Wondering what “grandfather” or “grandfathered plan ” means in the health care reform law.

If an employer keeps the same coverage it had on March 23, 2010 – the date the law took effect – the plan may be considered a “grandfathered” plan.

This means the plan may be exempt from some of the requirements of the health care reform law. However, certain changes must be made to all plans, whether they’re grandfathered or not.

The following changes must be made to all plans:

* No lifetime benefit maximum limits

* Dependent coverage for adult children up to age 26

* No annual limits on certain types of benefits

* No pre-existing conditions exclusions for children under age 19

If certain changes in coverage are made after the law’s effective date, the plan will not be a grandfathered plan.

This means the plan will also see the following changes:

* 100% coverage for preventive care in network.

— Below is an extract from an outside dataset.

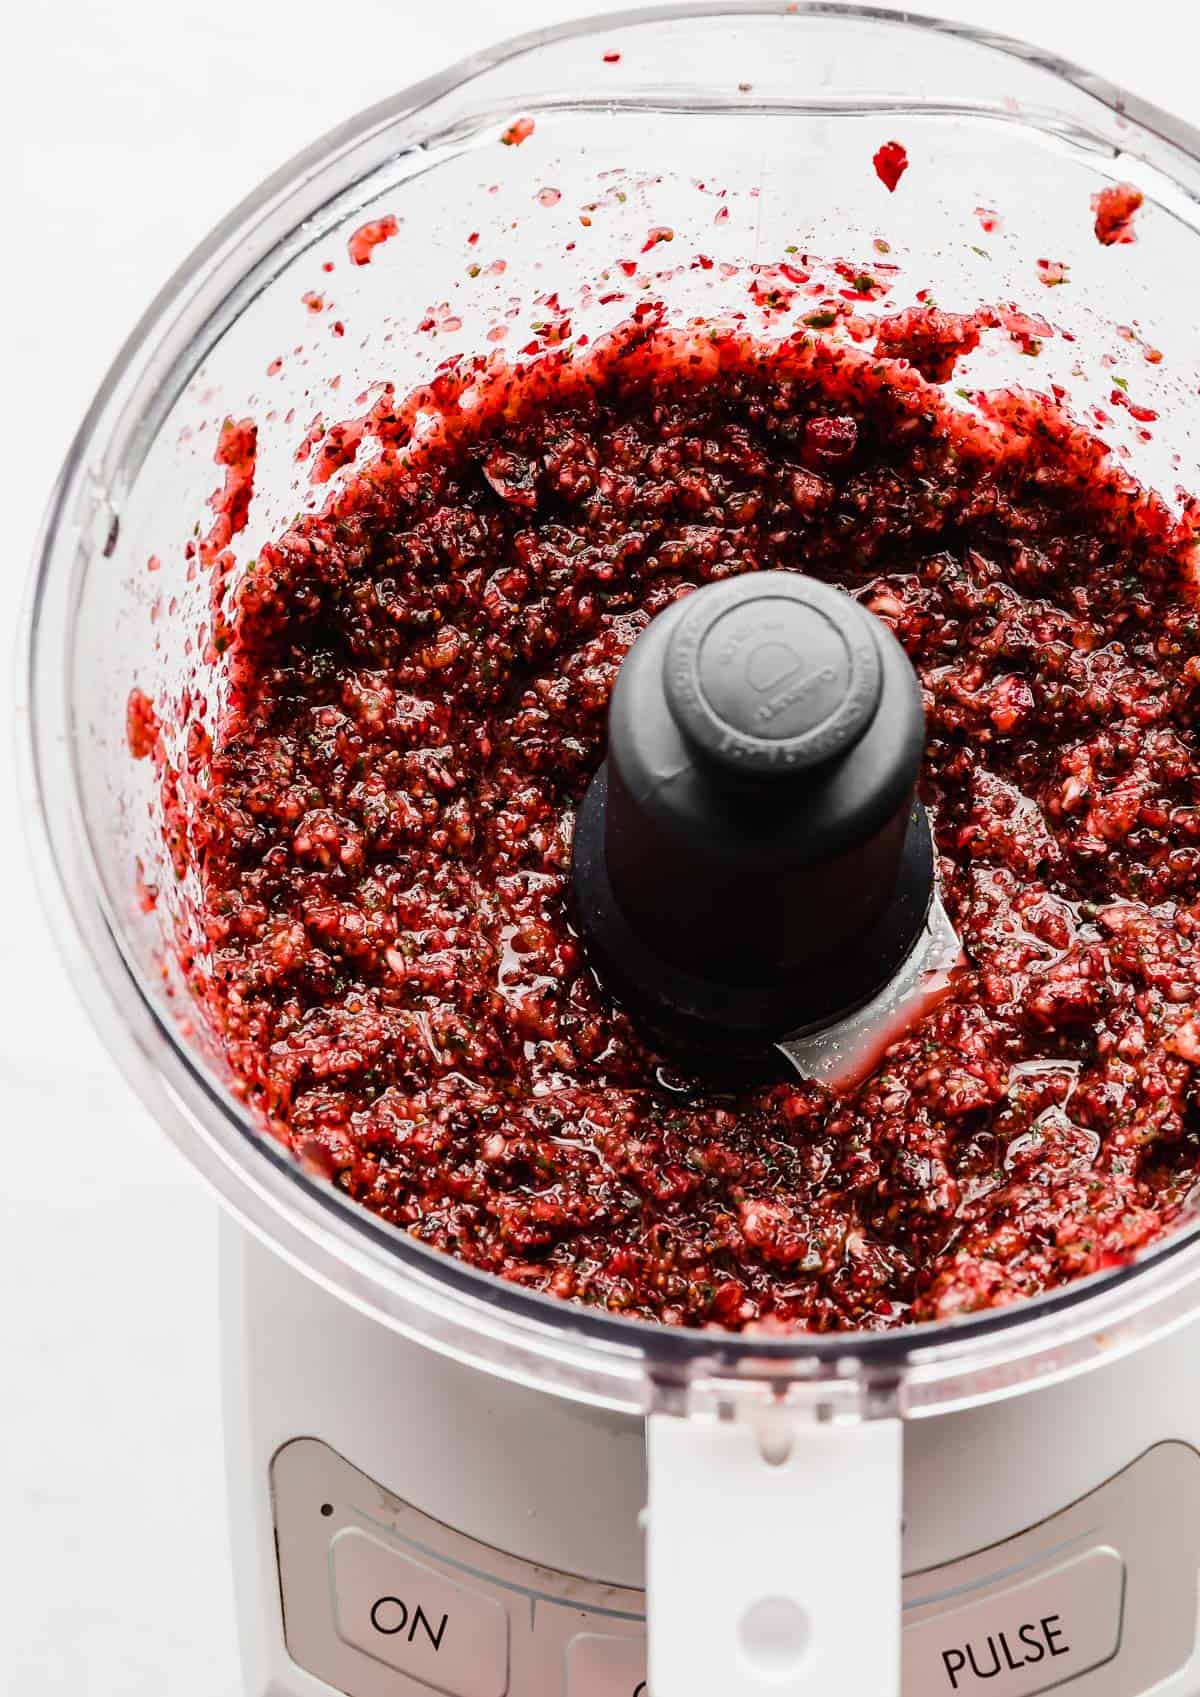 Pureed cranberry salsa in a food processor.

* No prior authorization for emergency services or higher cost-sharing for out-of-network emergency services

* Coverage of routine patient costs for clinical trials of life-threatening diseases, starting in 2014

How do you loose your grandfather status ?

The following changes to a plan will result in the loss of a grandfathered status:

* Eliminating all (or substantially all) benefits to diagnose or treat a particular condition

* Increasing coinsurance by any amount above the level set on March 23, 2010

* Increasing fixed amount cost sharing (other than copays) more than the sum of medical inflation plus 15 percentage points from the level of March 23, 2010

* Increasing copays by an amount that exceeds the greater

of (1) a total percentage (measured from March 23, 2010)

that is more than the sum of medical inflation plus 15 percentage points, or (2) $5 times medical inflation,

* Reducing employer or employee organization contributions based on the cost of coverage or a formula by more than 5 percentage points below the contribution rate on March 23, 2010

* Reducing an overall annual dollar limit or adding a new overall annual dollar limit, compared  with what was in effect on March 23, 2010

* Ensuring that consumers switch to a grandfathered plan that, compared with the current plan, has fewer benefits or higher cost sharing as a means of avoiding new consumer protections.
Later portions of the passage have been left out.